Problem to solve: Produce the lines from the one containing "Siren Mini Nugget" through the end of the material exactly as they appear, both ends included, and leave the pictures out.

Information supplied:
►

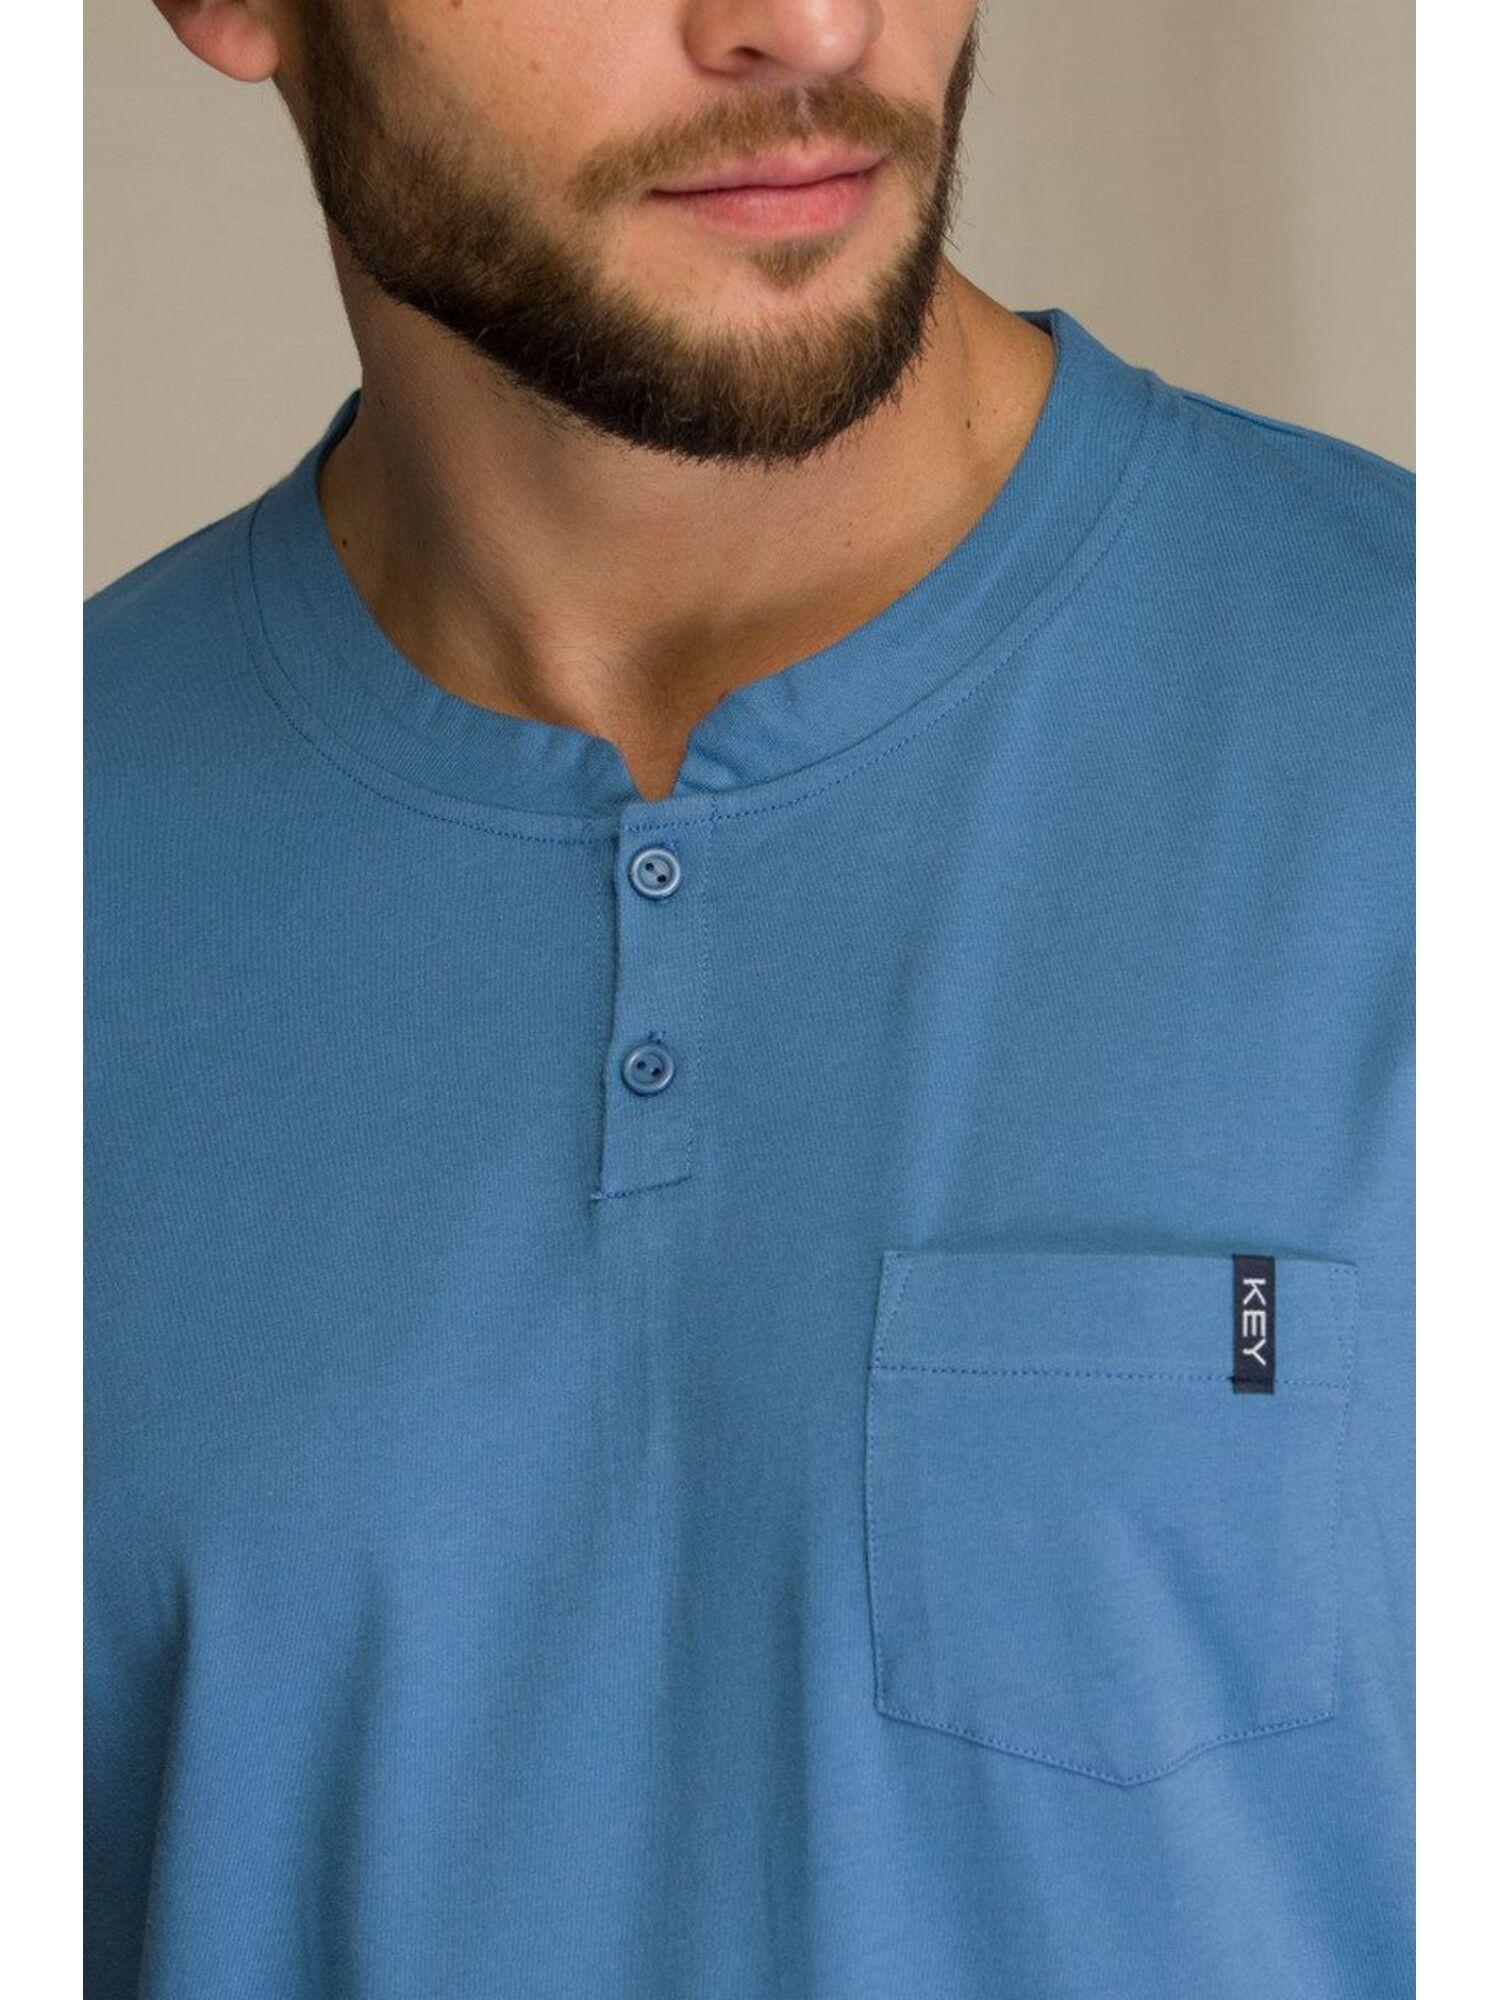 Пижама мужская с шортами MNS 223 A21, синий, KEY
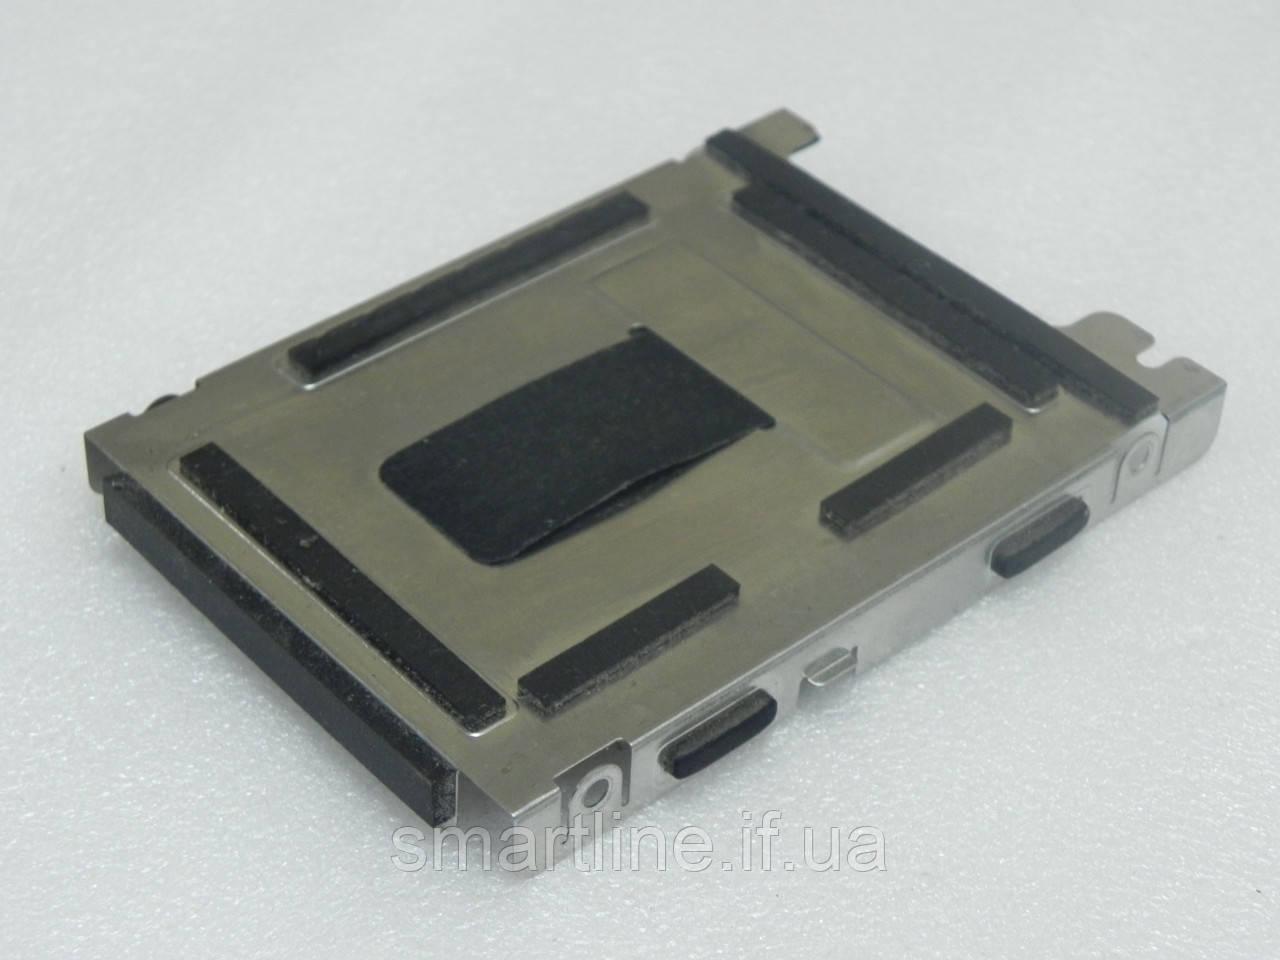 Шахта HDD для ноутбука Asus x50n, x50gl б/в
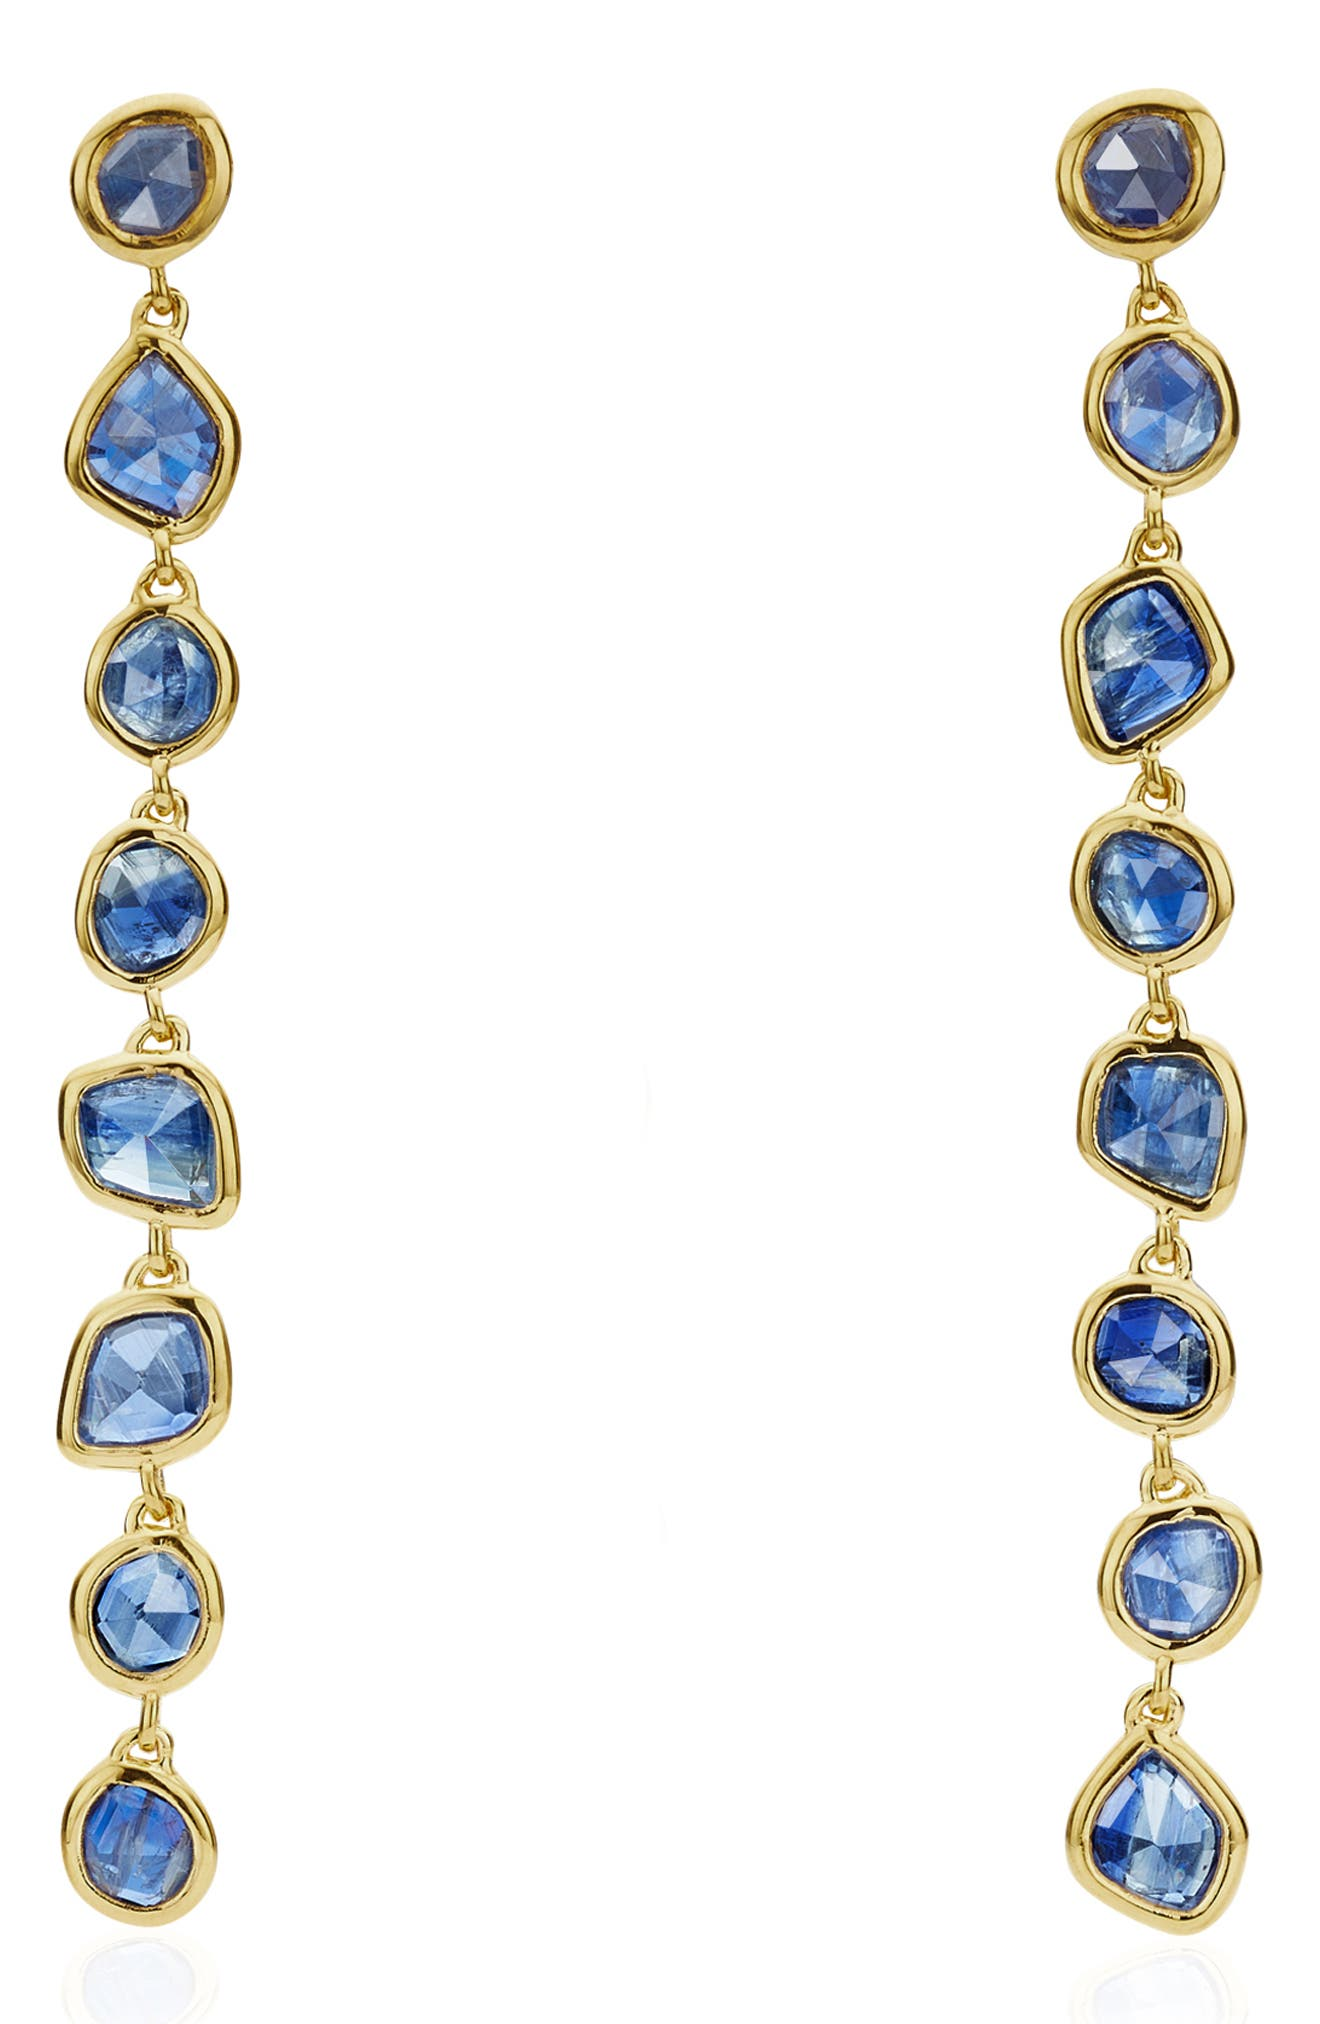 Siren Mini Nugget Earrings,                             Main thumbnail 1, color,                             GOLD/ KYANITE
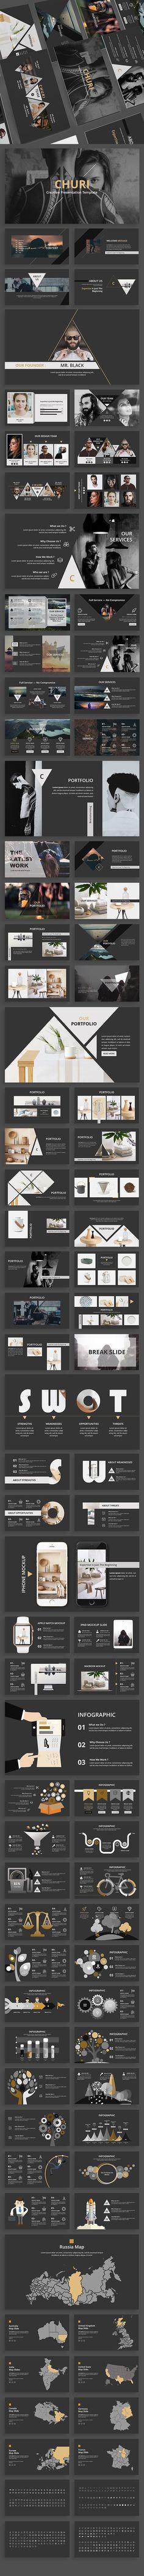 Churi Creative Powerpoint Template - Creative PowerPoint Templates

◄

Answer section:
 Siren Mini Nugget Earrings,                             Main thumbnail 1, color,                             GOLD/ KYANITE
 Churi Creative Powerpoint Template - Creative PowerPoint Templates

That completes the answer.